Free exchange | Criminal justice

Longer jail sentences do deter crime, but only up to a point

By S.K. | LONDON

DO CRIMINALS trade short-term gain for long-term pain? Economists have long suspected that those who commit crimes place less value on the future than law-abiding citizens. But they have mostly struggled to find hard evidence that criminals think about sentence lengths at all. A review by Steven Durlauf of the University of Wisconsin and Daniel Nagin at Carnegie Mellon University found little evidence that criminals responded to harsher sentencing, and much stronger evidence that increasing the certainty of punishment deterred crime. This matters for policy, as it suggests that locking vast numbers of people in jail is not only expensive, but useless as a deterrent.

A new working paper presented at the Royal Economic Society annual conference, by Giovanni Mastrobuoni at the University of Essex and David Rivers at the University of Western Ontario, provides new evidence that the story is a little more nuanced; criminals do value the future, just not as much as the average person. Harsher sentences work as a deterrent, but only up to a point.

The economists take advantage of an Italian policy reform in 2006, where more than a third of the Italian prison population was released. Their get-out-of-jail-free card came with one caveat: if they were caught breaking the law again, their unserved sentence would be automatically added to the new one. This was a boon for the economists, as it meant that otherwise very similar people faced gentler or harsher sentences for future crimes, depending on how much time they had left on their existing sentence (i.e. when they had committed their original crime). The economists combined this with information on reoffending rates, to see if people with harsher sentences were less likely to reoffend.

They found that the convicts did seem to respond to the harsher sentences. They estimated that previously convicted criminals discount the future at a rate of 0.74: in other words, they care about events in one year’s time around three quarters as much as events today. This compares to discount rates of around 0.95 more common in the population at large. The economists compare different groups; the highly educated are most sensitive to heftier sentences, while immigrants and drug-offenders are least sensitive. Their study is limited as it concentrates on a group of people who have already served jail time, who might be quite different to the wider population of potential criminals. For example, they are more likely to be aware of sentencing rules, and so could be more sensitive to the deterrent effects of longer sentences.

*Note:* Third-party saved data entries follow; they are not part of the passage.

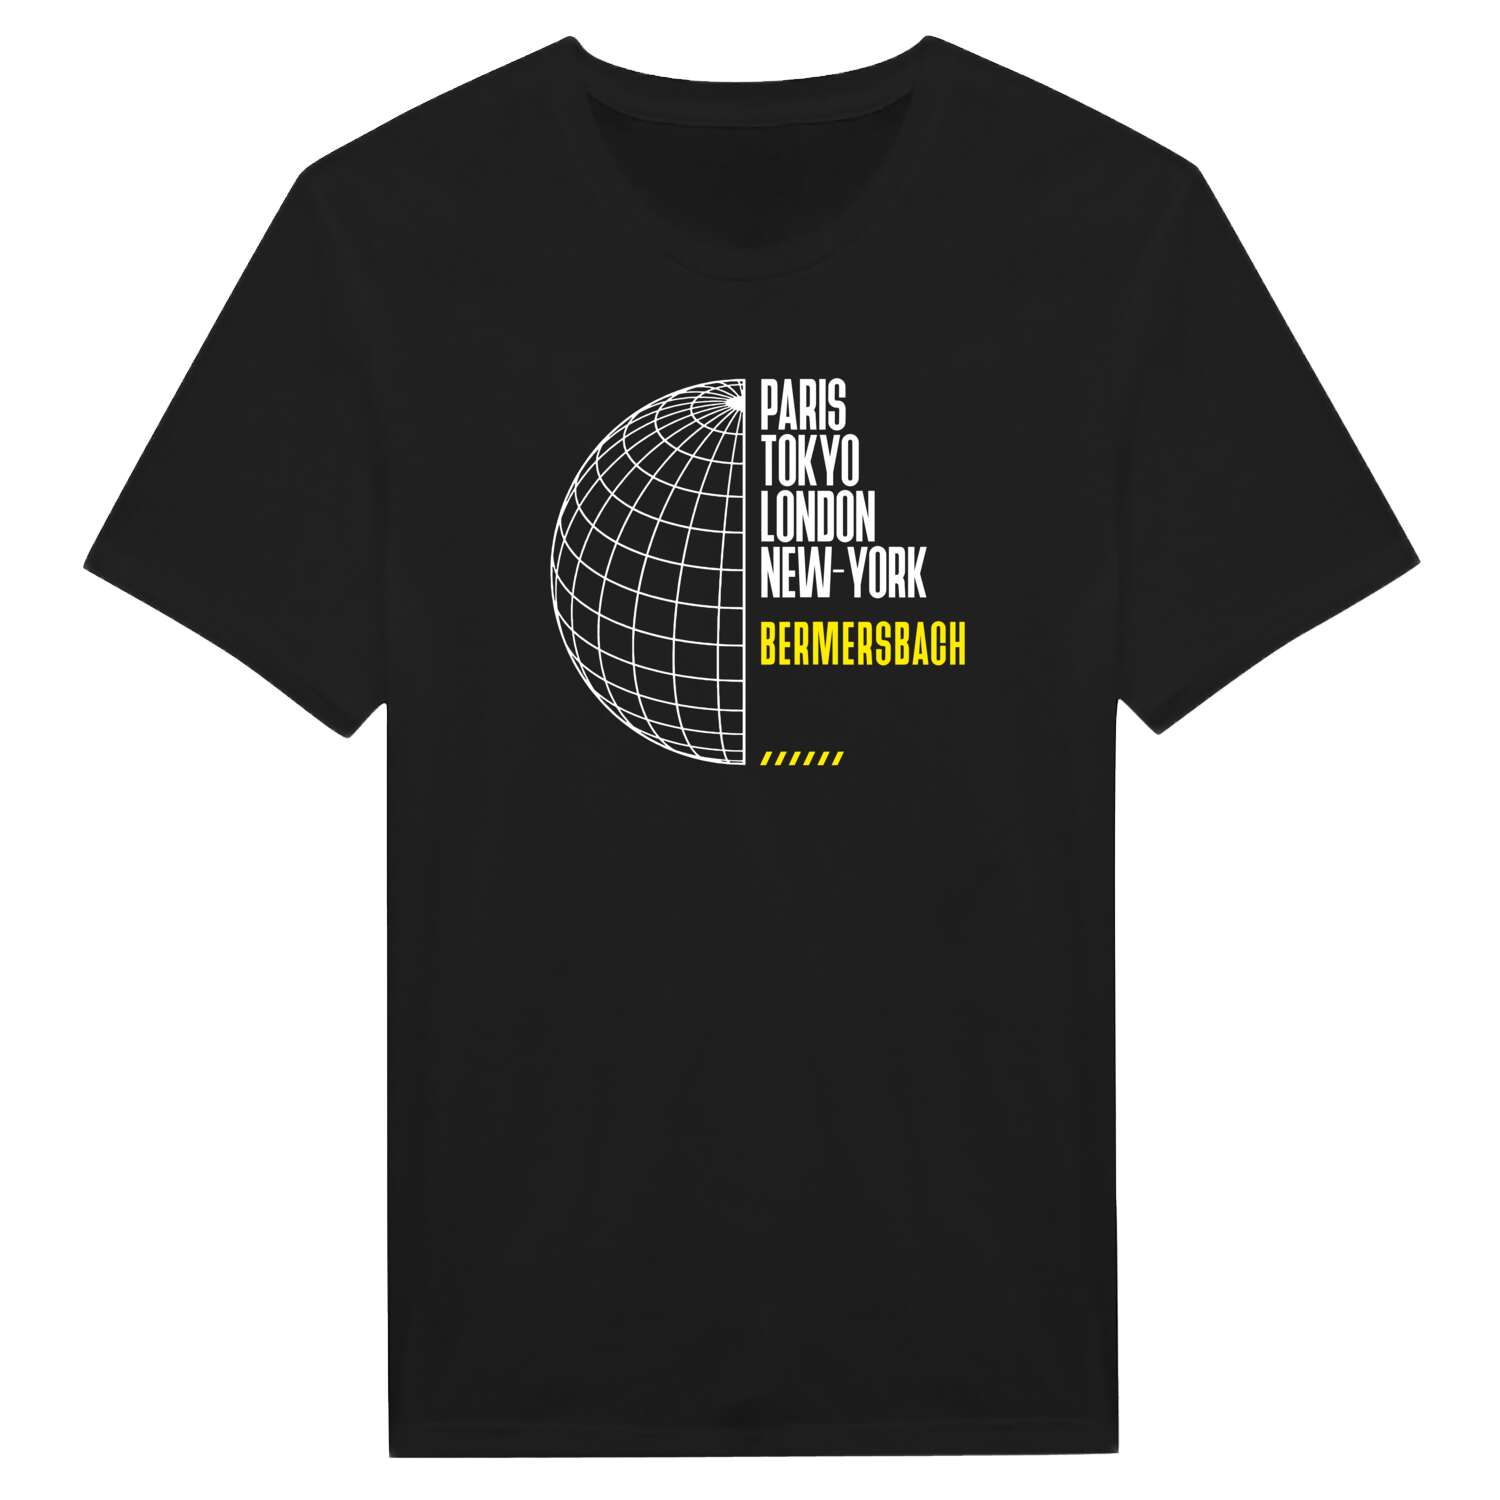 Bermersbach T-Shirt »Paris Tokyo London«
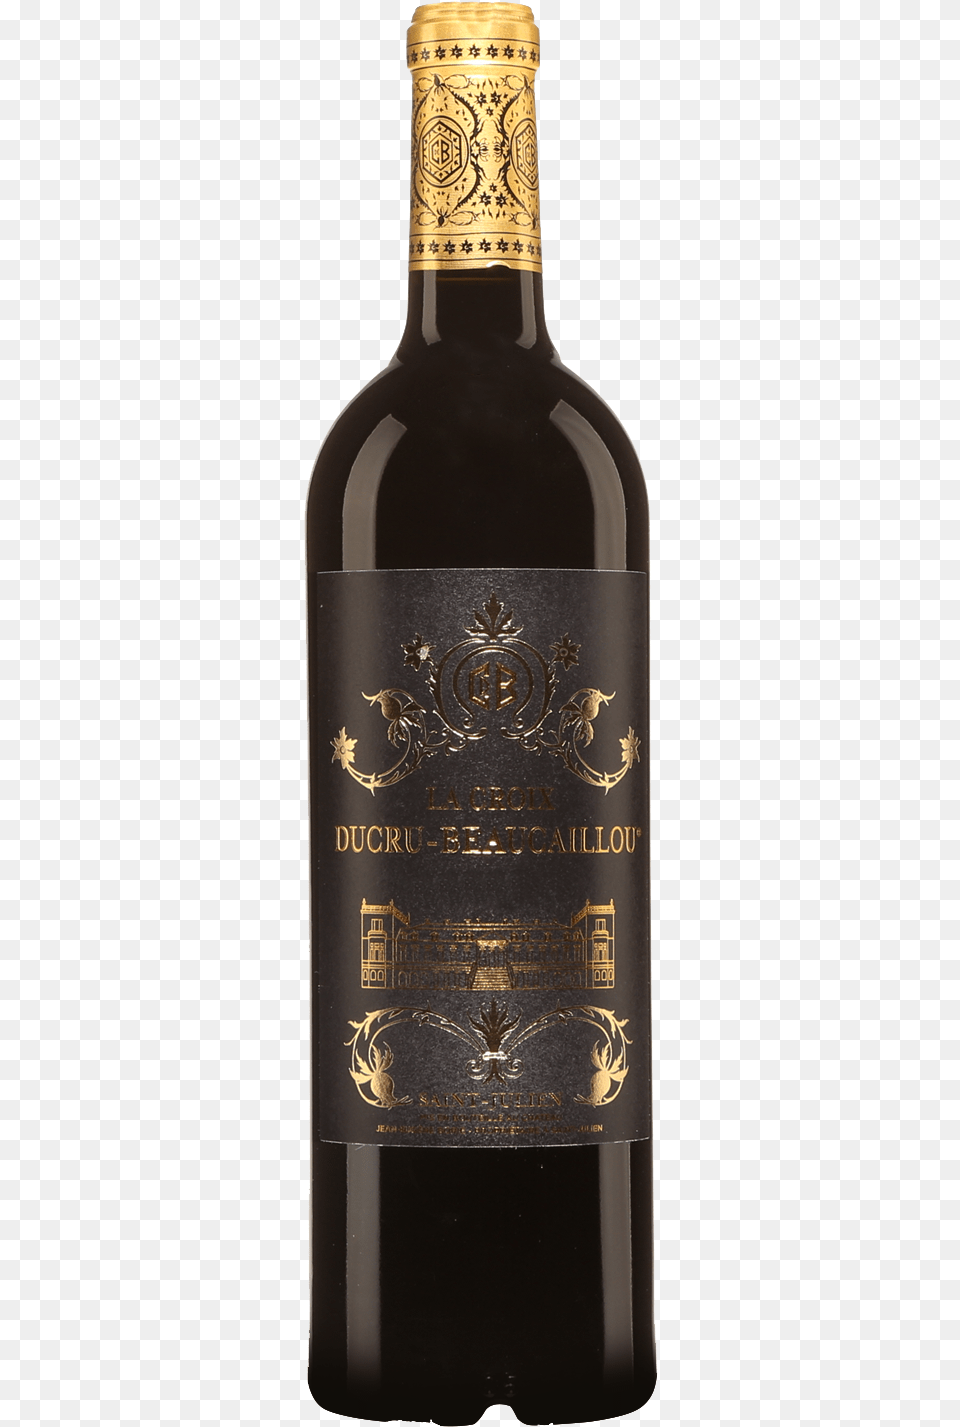 La Croix Ducru Beaucaillou Saint Julien Wine Bottle, Alcohol, Beverage, Liquor, Wine Bottle Png
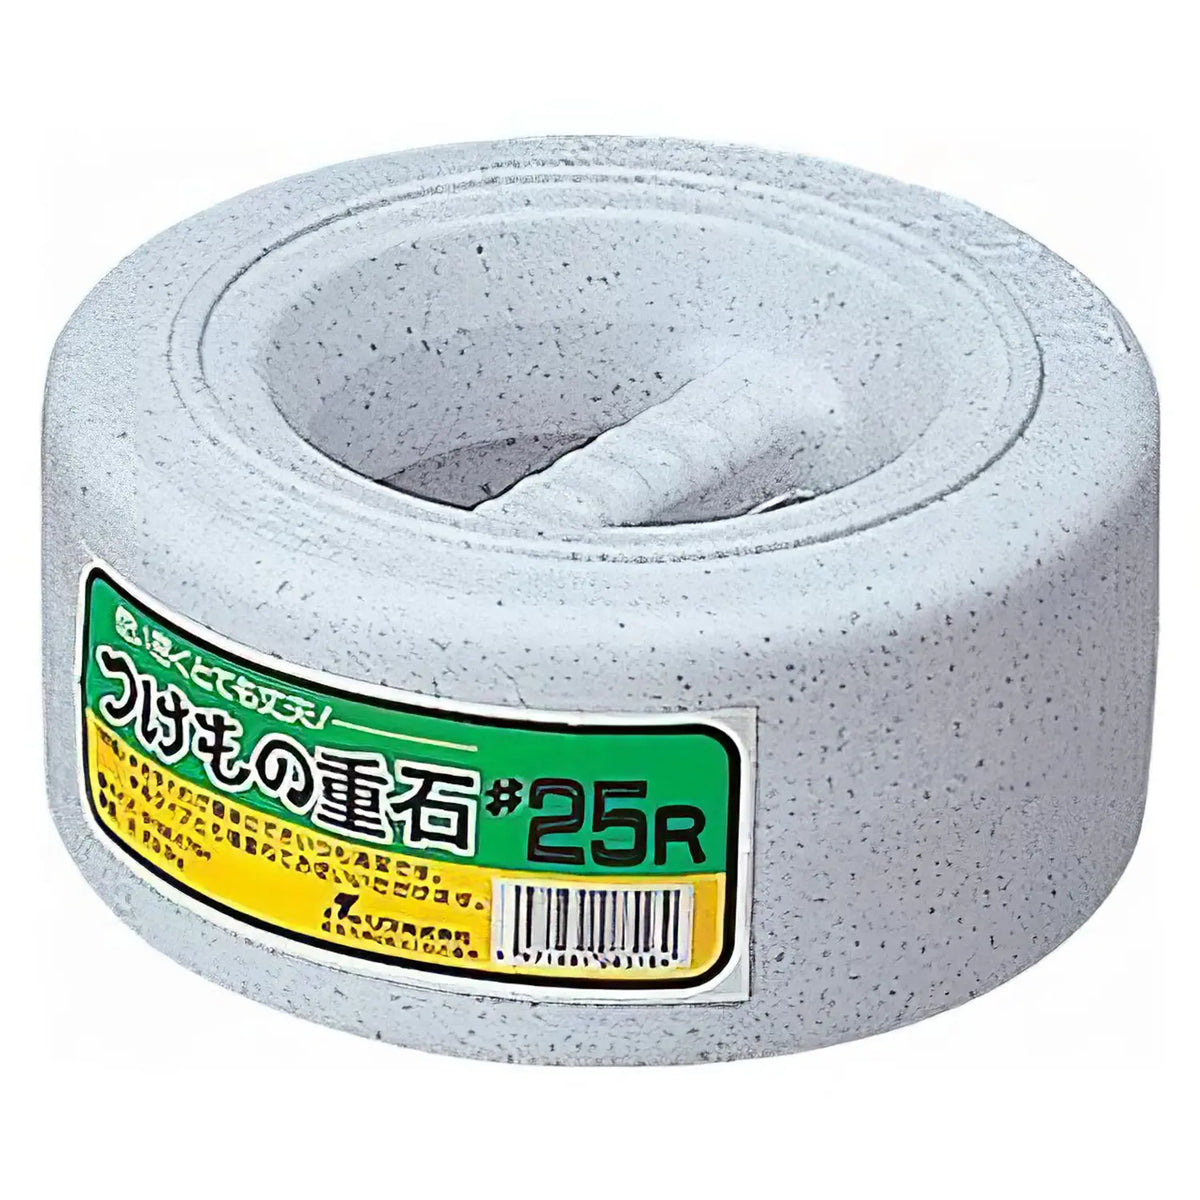 RISU Polyethylene Round Picklestone
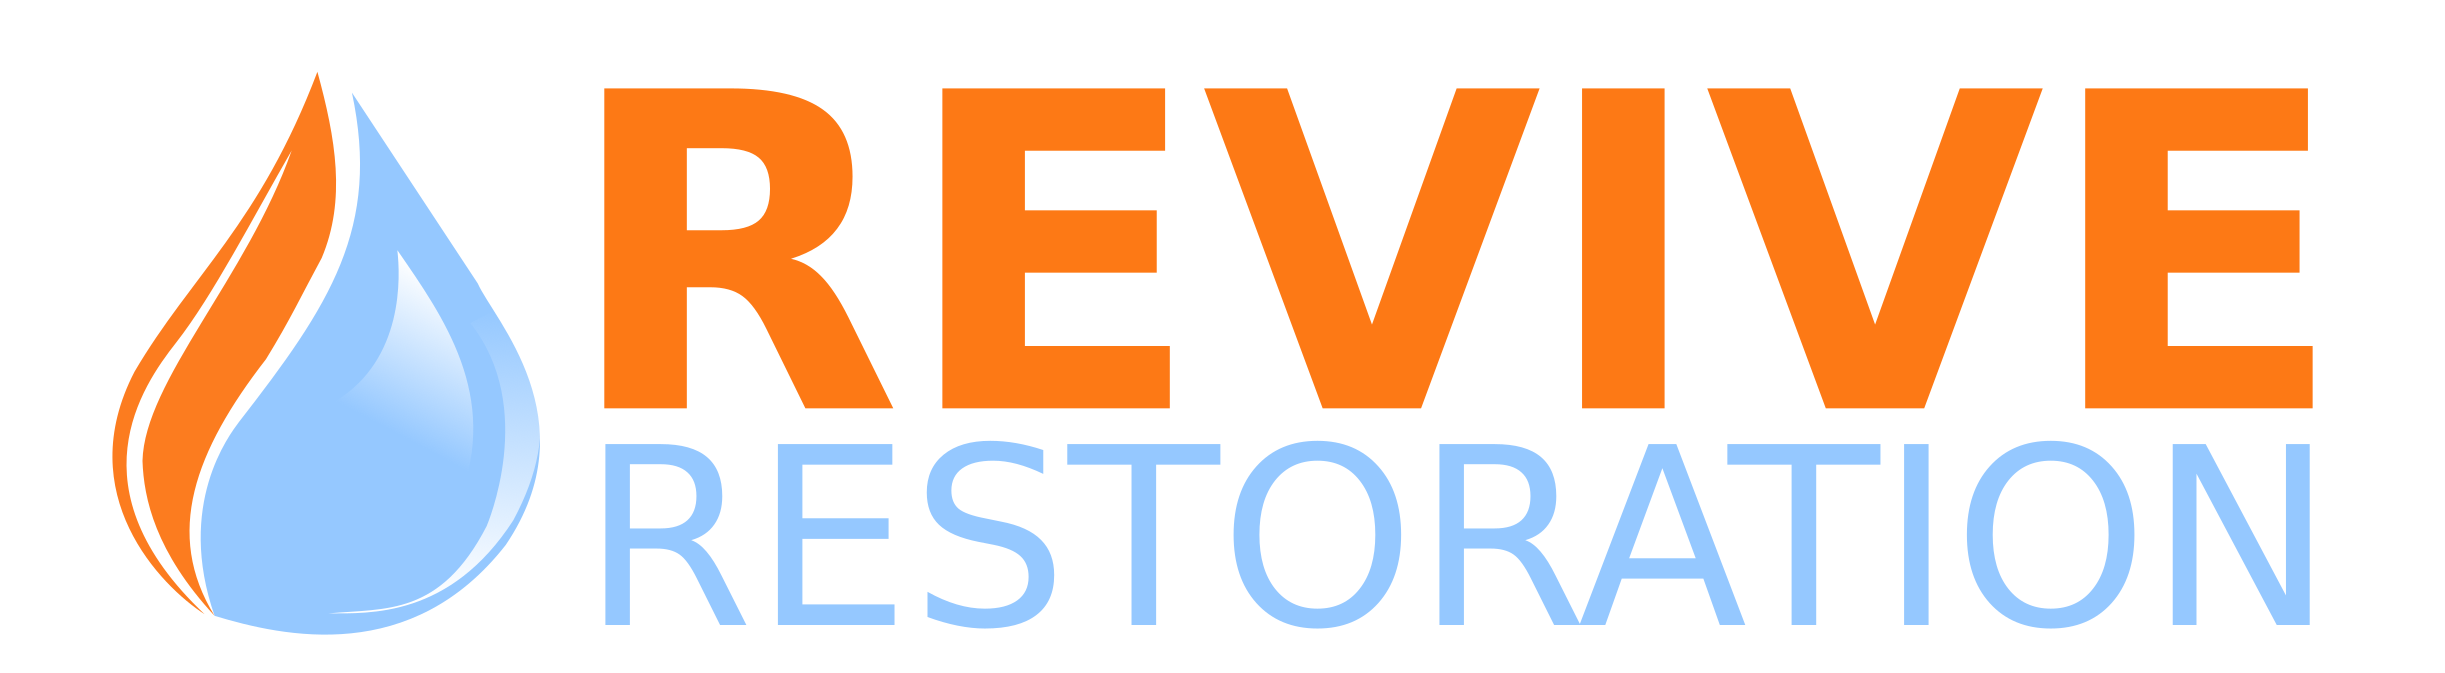 revive restoration banner logo

With that caveat in mind, their results have several implications for criminal justice policy. First, longer sentences might work better to deter white-collar crime than drug offences. Second, while longer sentences do have some deterrent effect, they are concentrated in the first few years. A mandatory minimum sentence of ten years with a threat of an extra ten depending on the nature of the crime may deter some crimes. But the extra ten years will be less effective as a deterrent than the threat of five years on top of a five year mandatory minimum. According to the estimates in the paper, criminals worry about the extra five years four times as much as the extra ten.

This result should be a win-win for policymakers. Shorter mandatory minimum sentences could improve the deterrent effect of (discretionary) extra jail time for worse crimes, save public money, and restore people's freedom. Policymakers in America, where 2.2 million Americans were incarcerated in 2014, seem to be coming round to this idea. Reform of the criminal justice system is one of the few causes that still has bipartisan support; the Sentencing Reform and Corrections Act of 2015, which would reduce mandatory minimum sentences for crimes including some drug offences, is currently going through Congress. And last week, the Maryland Senate approved a bill that would put more emphasis on treatment rather than punishment.

Economists have a lot to offer in this field, as they can work out which (and how much) incentives matter. But policymakers should use their results with care; although criminals may adjust their decisions depending on the severity of punishment and the chances of getting caught, their preferences may not be fixed. Understanding why criminals are short-termist could be just as important for cutting crime as knowing how to set sentences.